The test analyses chromosomal structure to detect changes associated with CLL. These abnormalities can provide insights into disease progression, genetic factors influencing response to treatment, and the risk of complications.

This test is done to:

• Diagnose Chronic Lymphocytic Leukemia (CLL)
• Understand genetic factors affecting treatment response
• Assess the risk of disease progression
• Detect chromosomal abnormalities guiding treatment decisions
• Monitor disease progression and response to therapy

This test is recommended for patients with suspected or confirmed CLL. It is suitable for those needing a definitive diagnosis, monitoring treatment effectiveness, identifying genetic markers impacting prognosis, or evaluating the risk of disease progression.

Abnormal results may indicate CLL or genetic variations influencing disease severity, treatment response, or prognosis. Discuss results with your doctor for further evaluation and treatment planning.

During this test:

• Blood sample collection involves a simple procedure.
• The sample is analysed in a lab to examine chromosome structure in B-cells.
• You may feel minimal discomfort during blood collection.
• Results are typically available within a few days.

Before the test:

• Ensure the sample container is clean.
• Follow fasting instructions if provided by your healthcare provider,
• Inform your doctor about any medications you are taking.
• Stay relaxed during sample collection to ensure accurate results.

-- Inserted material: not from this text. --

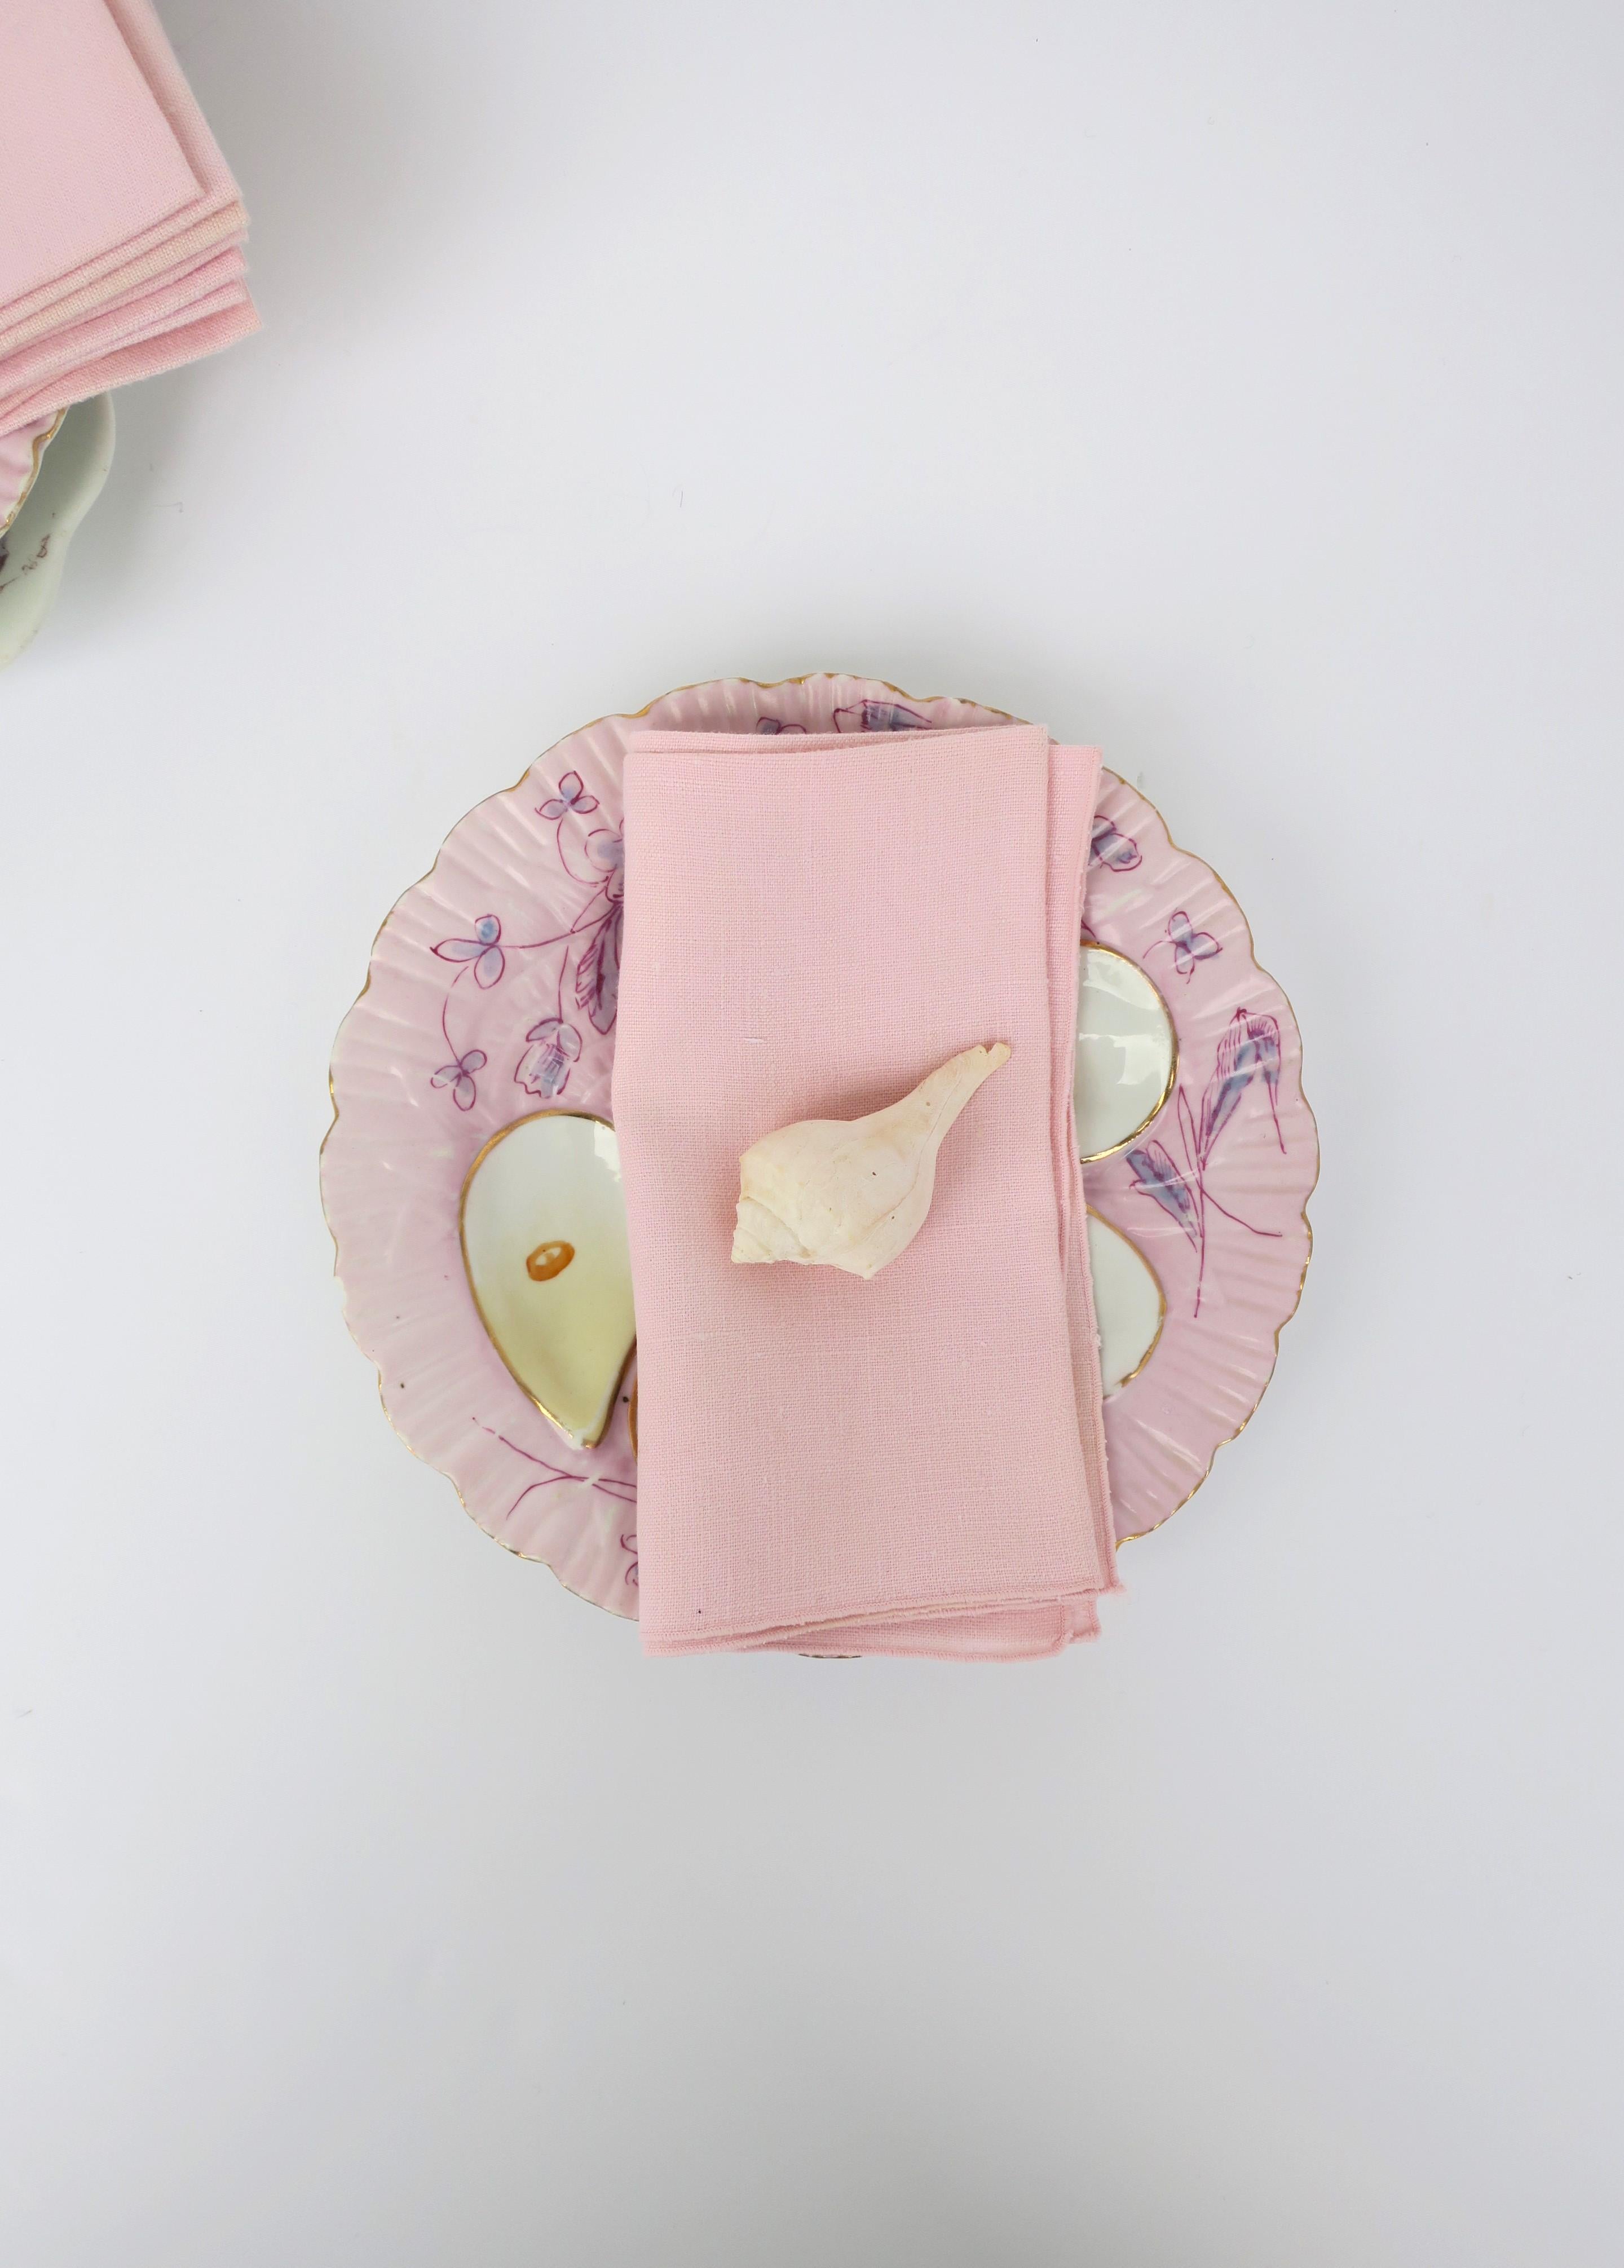 Pink Linen Dinner Napkins, Set of 10 For Sale 3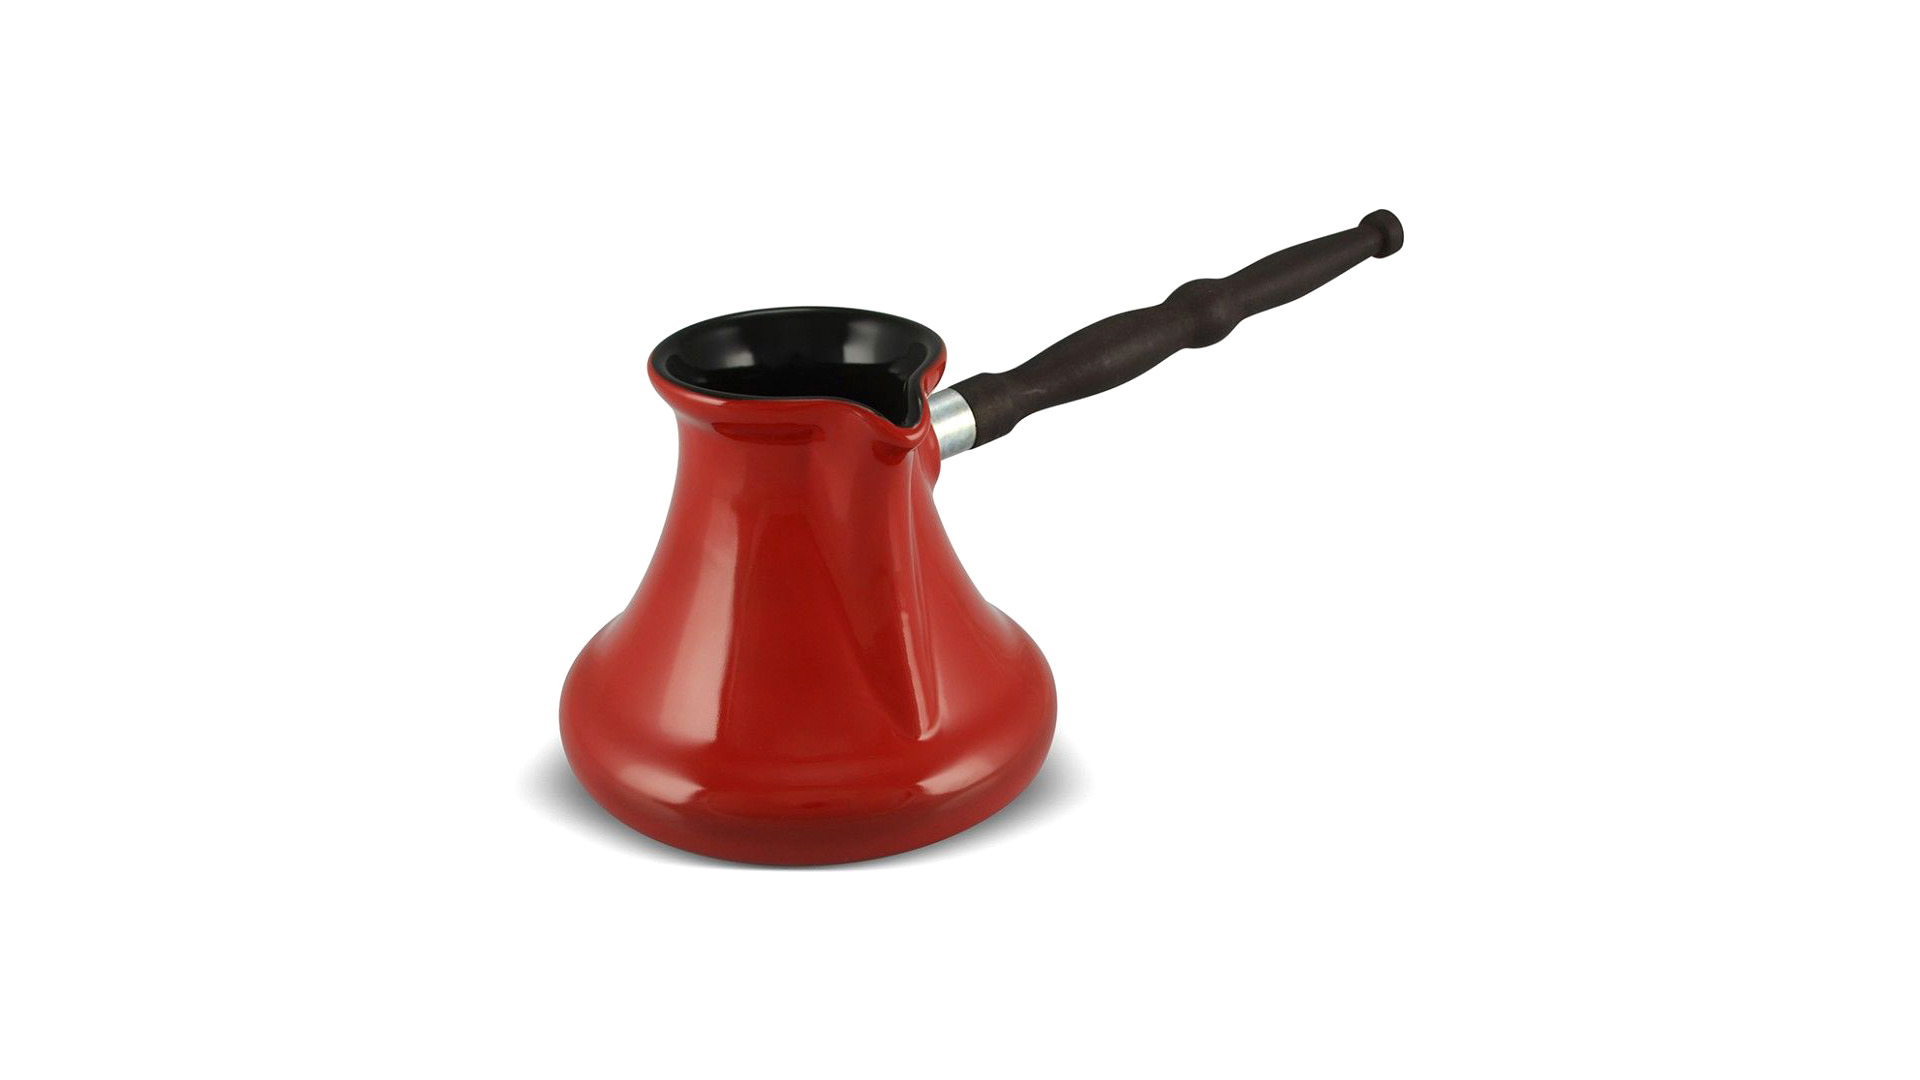 Турка с индукционным покрытием Ceraflame Gourmet Ibrik 550 мл, керамика, красная

Tests often recommended alongside Conventional Karyotyping for CLL include:

• Flow Cytometry Testing: Identifies specific cell markers in CLL for accurate diagnosis and disease monitoring
• Fluorescence In Situ Hybridization (FISH): Detects specific genetic abnormalities in CLL cells guiding treatment decisions
• Immunohistochemistry: Assists in characterising cells in CLL tissues

Chromosome Analysis Test or Cytogenetic Testing

Chronic Lymphocytic Leukemia (CLL) can often be detected early during routine blood tests, which may show elevated white blood cell counts before symptoms appear. When symptoms do occur, they can include fatigue, swollen lymph nodes, frequent infections, unexplained weight loss, and night sweats. Regular medical check-ups can aid in early detection.